◆ WHAT YOU SHOULD DO ◆
Retype each line of the material exactly, please, skipping any picture in it.

◆ SUPPLIED INFORMATION ◆
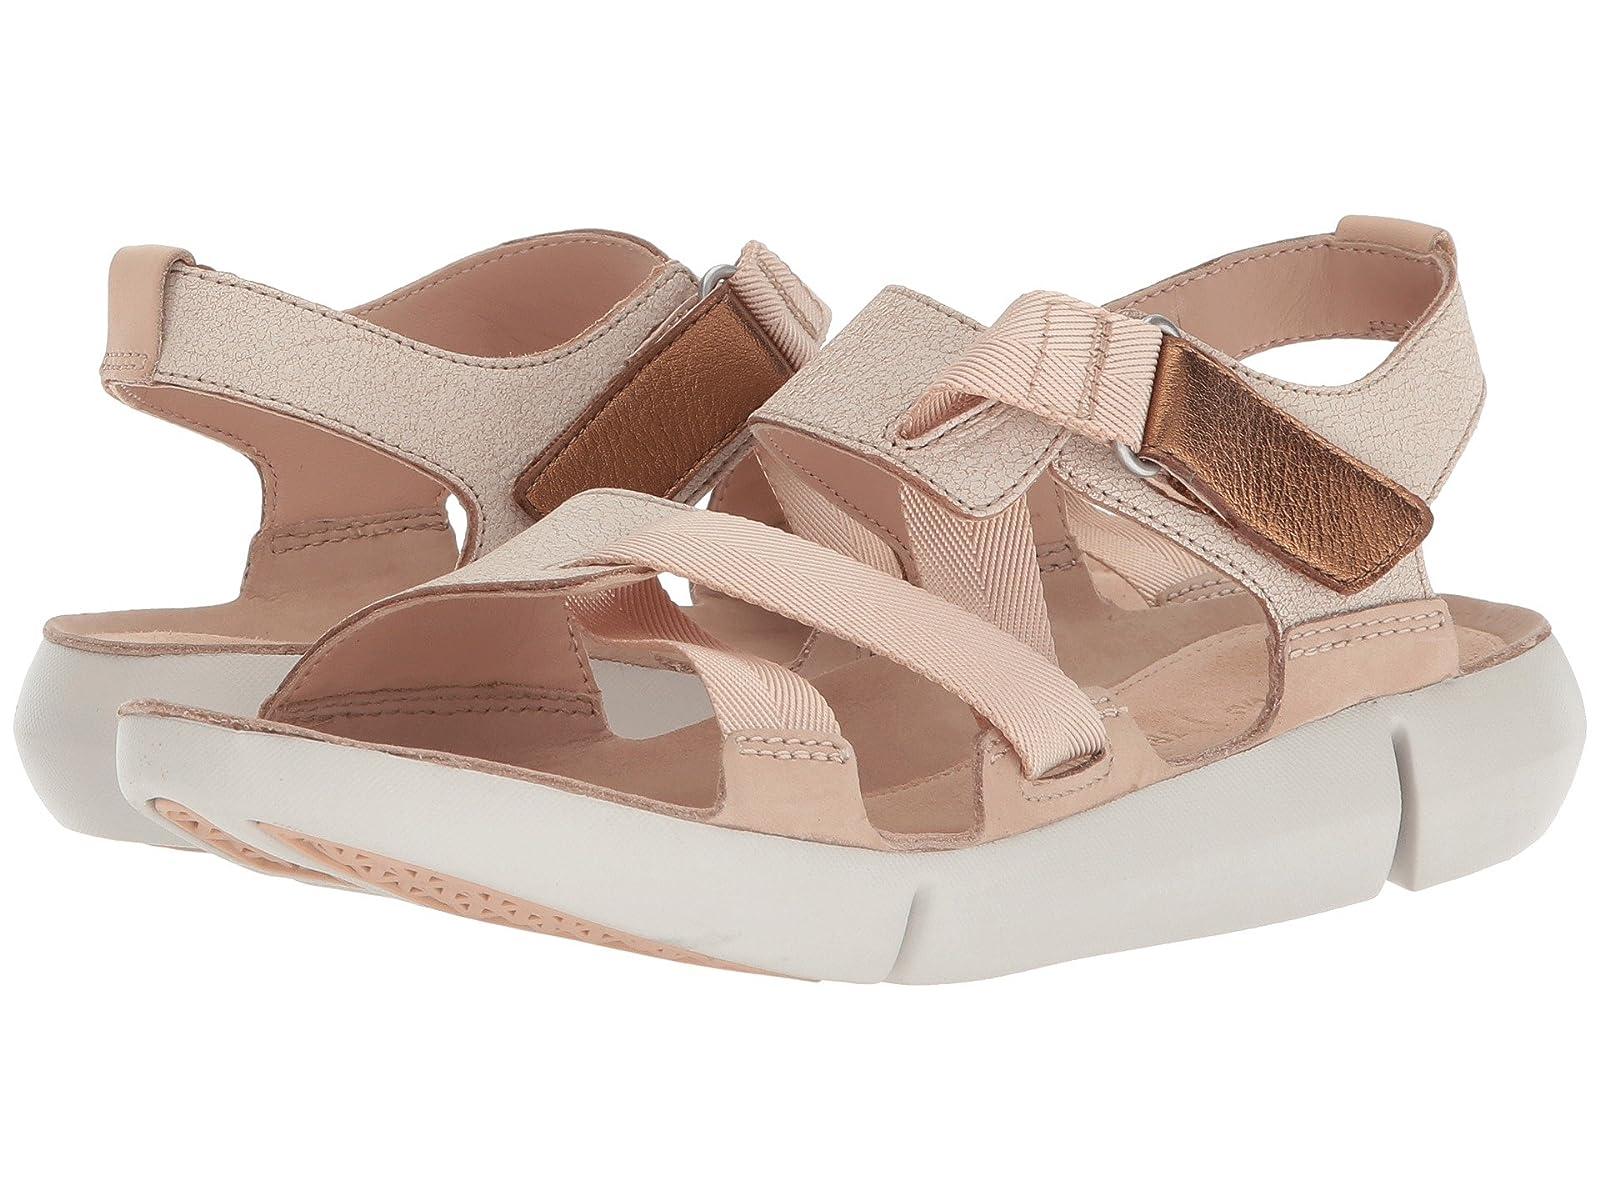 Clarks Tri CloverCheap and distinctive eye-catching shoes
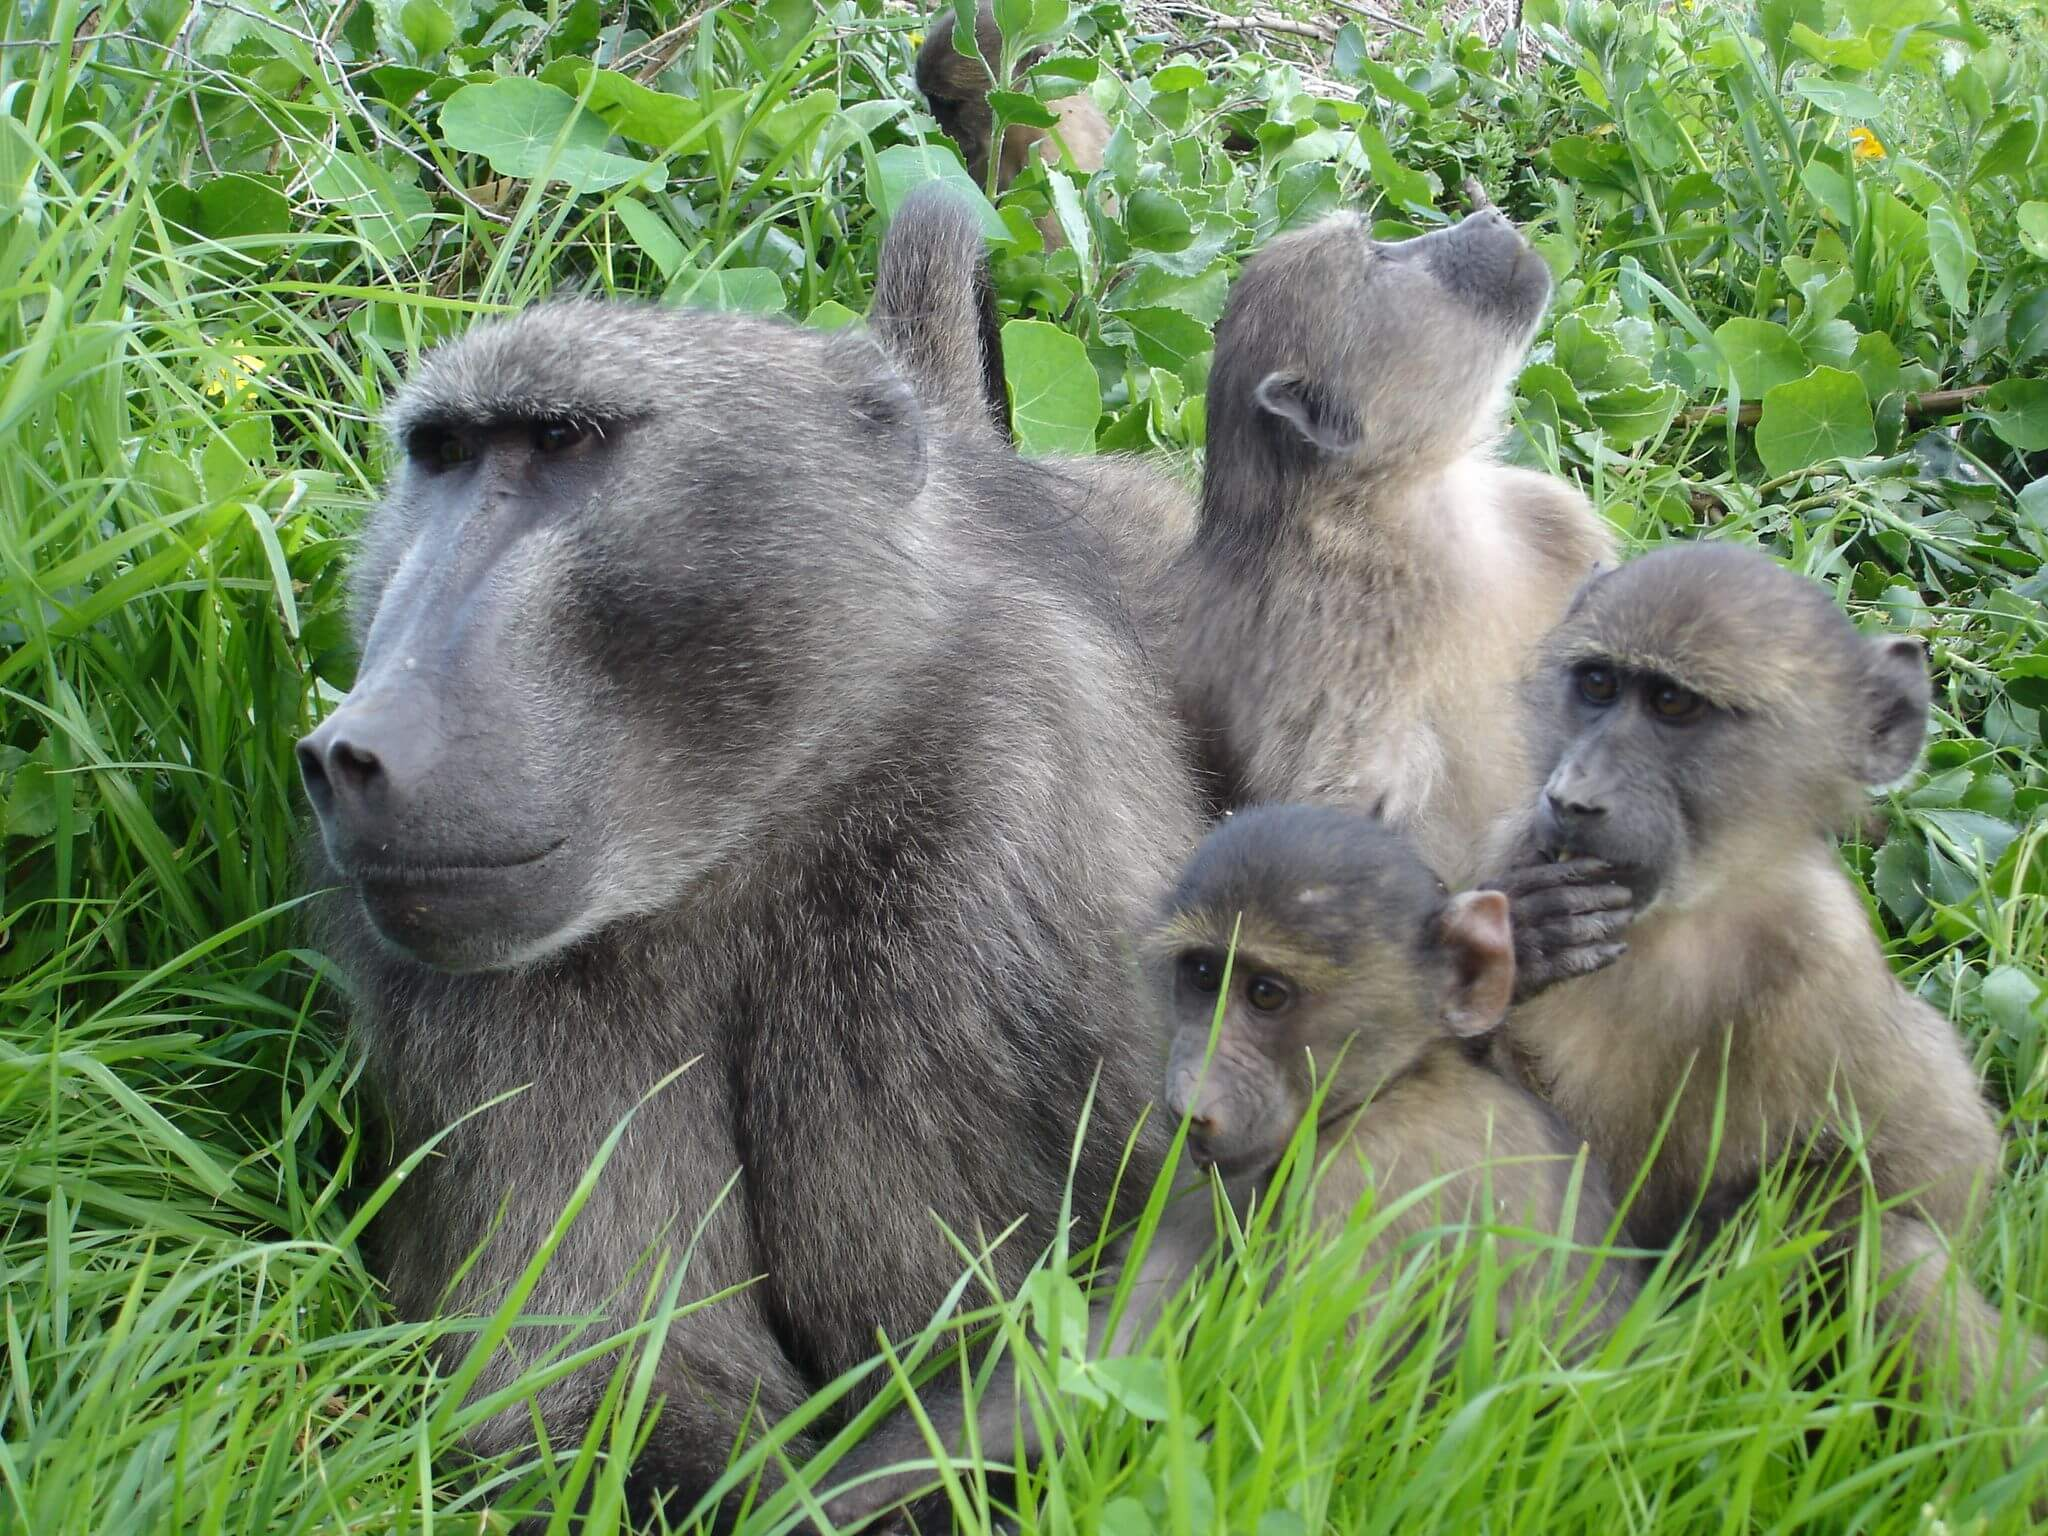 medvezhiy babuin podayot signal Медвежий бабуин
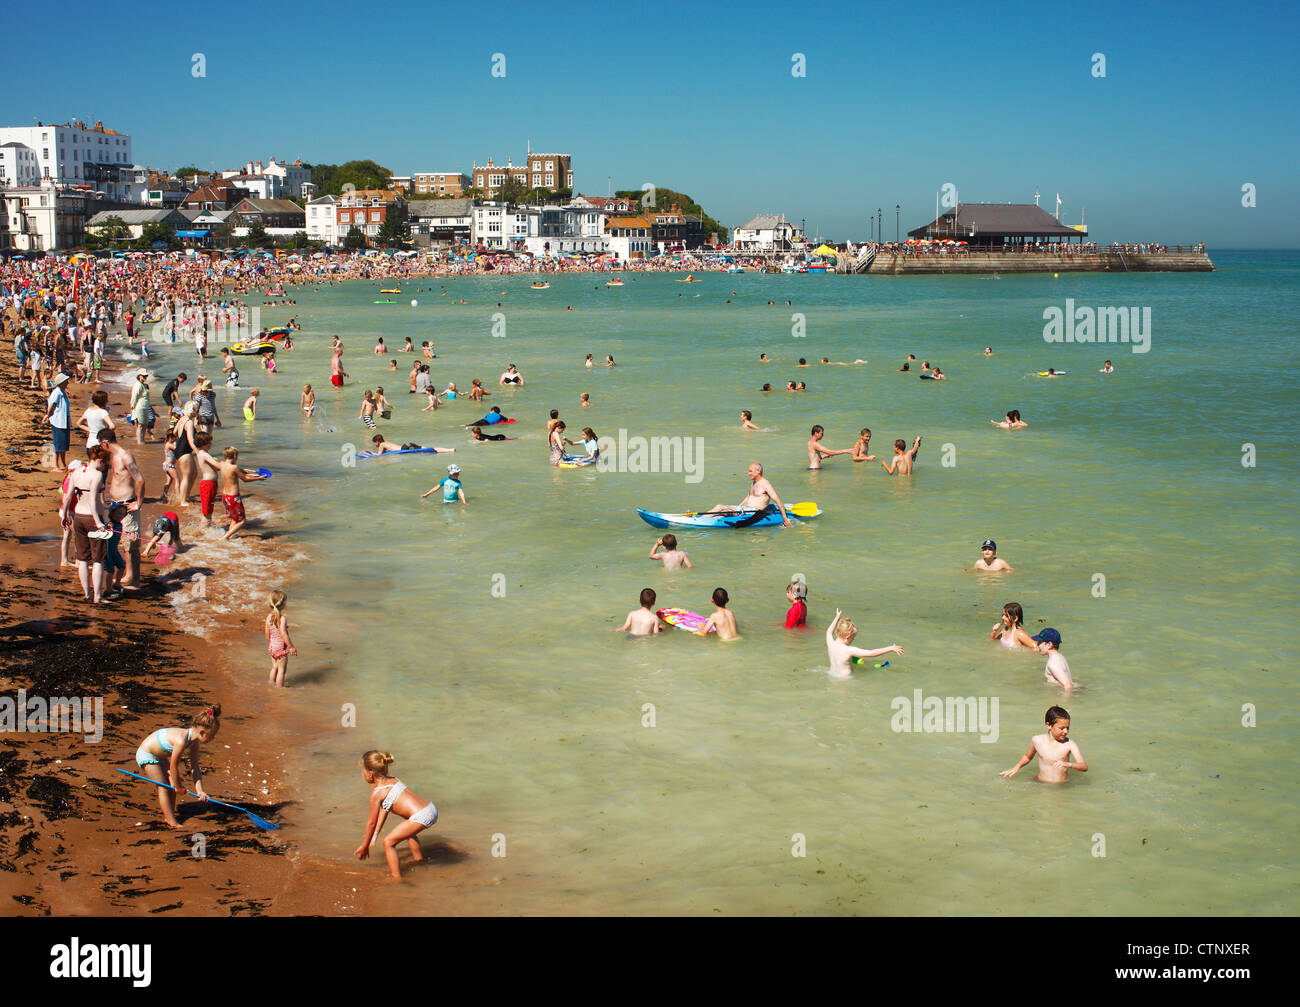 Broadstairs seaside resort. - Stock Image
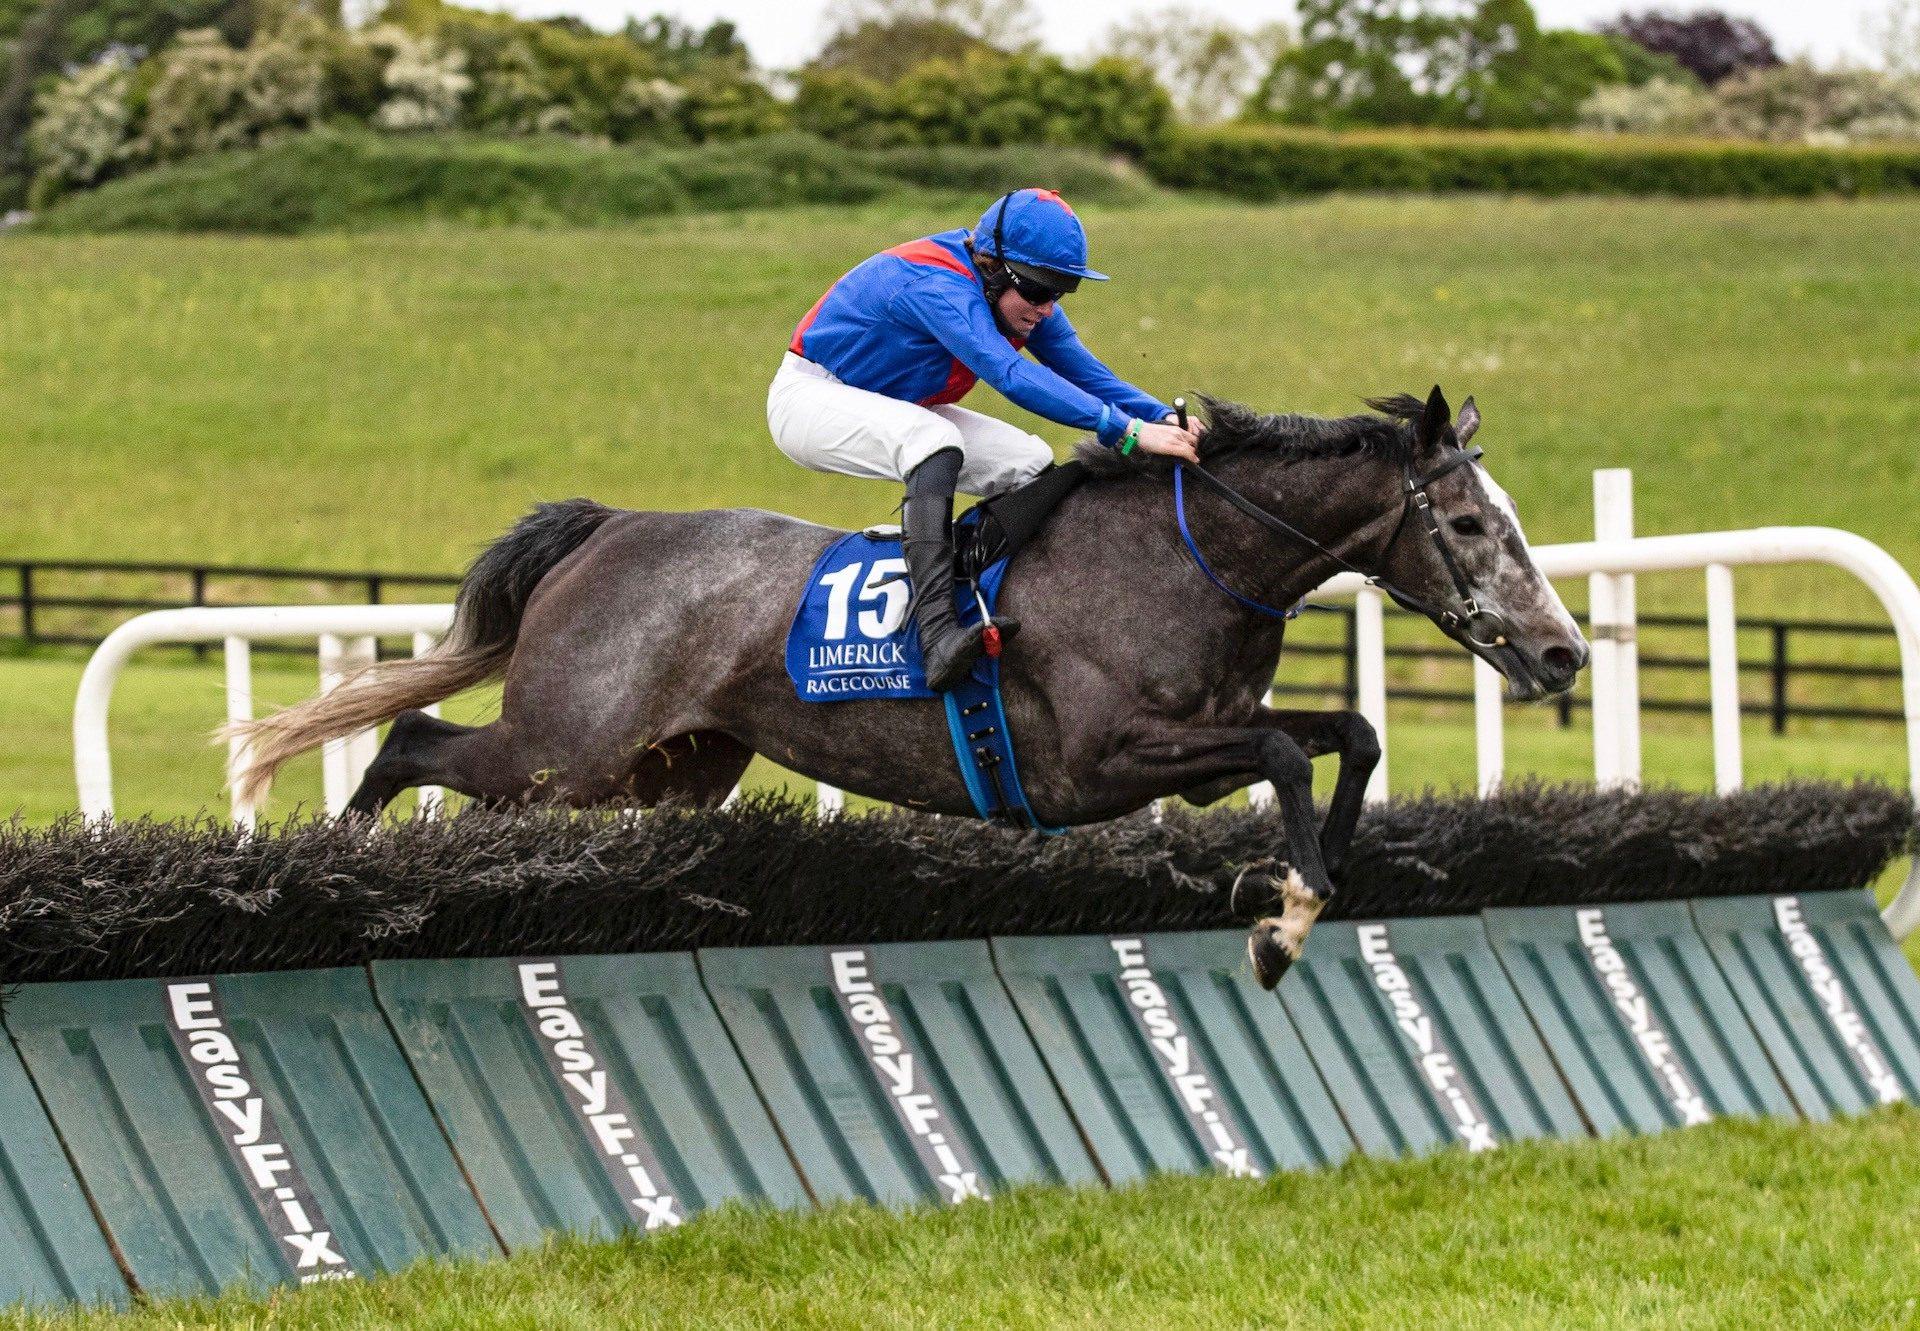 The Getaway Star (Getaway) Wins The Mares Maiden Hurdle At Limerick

◆ EXERCISE SOLUTION ◆
 Clarks Tri CloverCheap and distinctive eye-catching shoes
 medvezhiy babuin podayot signal Медвежий бабуин
 Broadstairs seaside resort. - Stock Image
 The Getaway Star (Getaway) Wins The Mares Maiden Hurdle At Limerick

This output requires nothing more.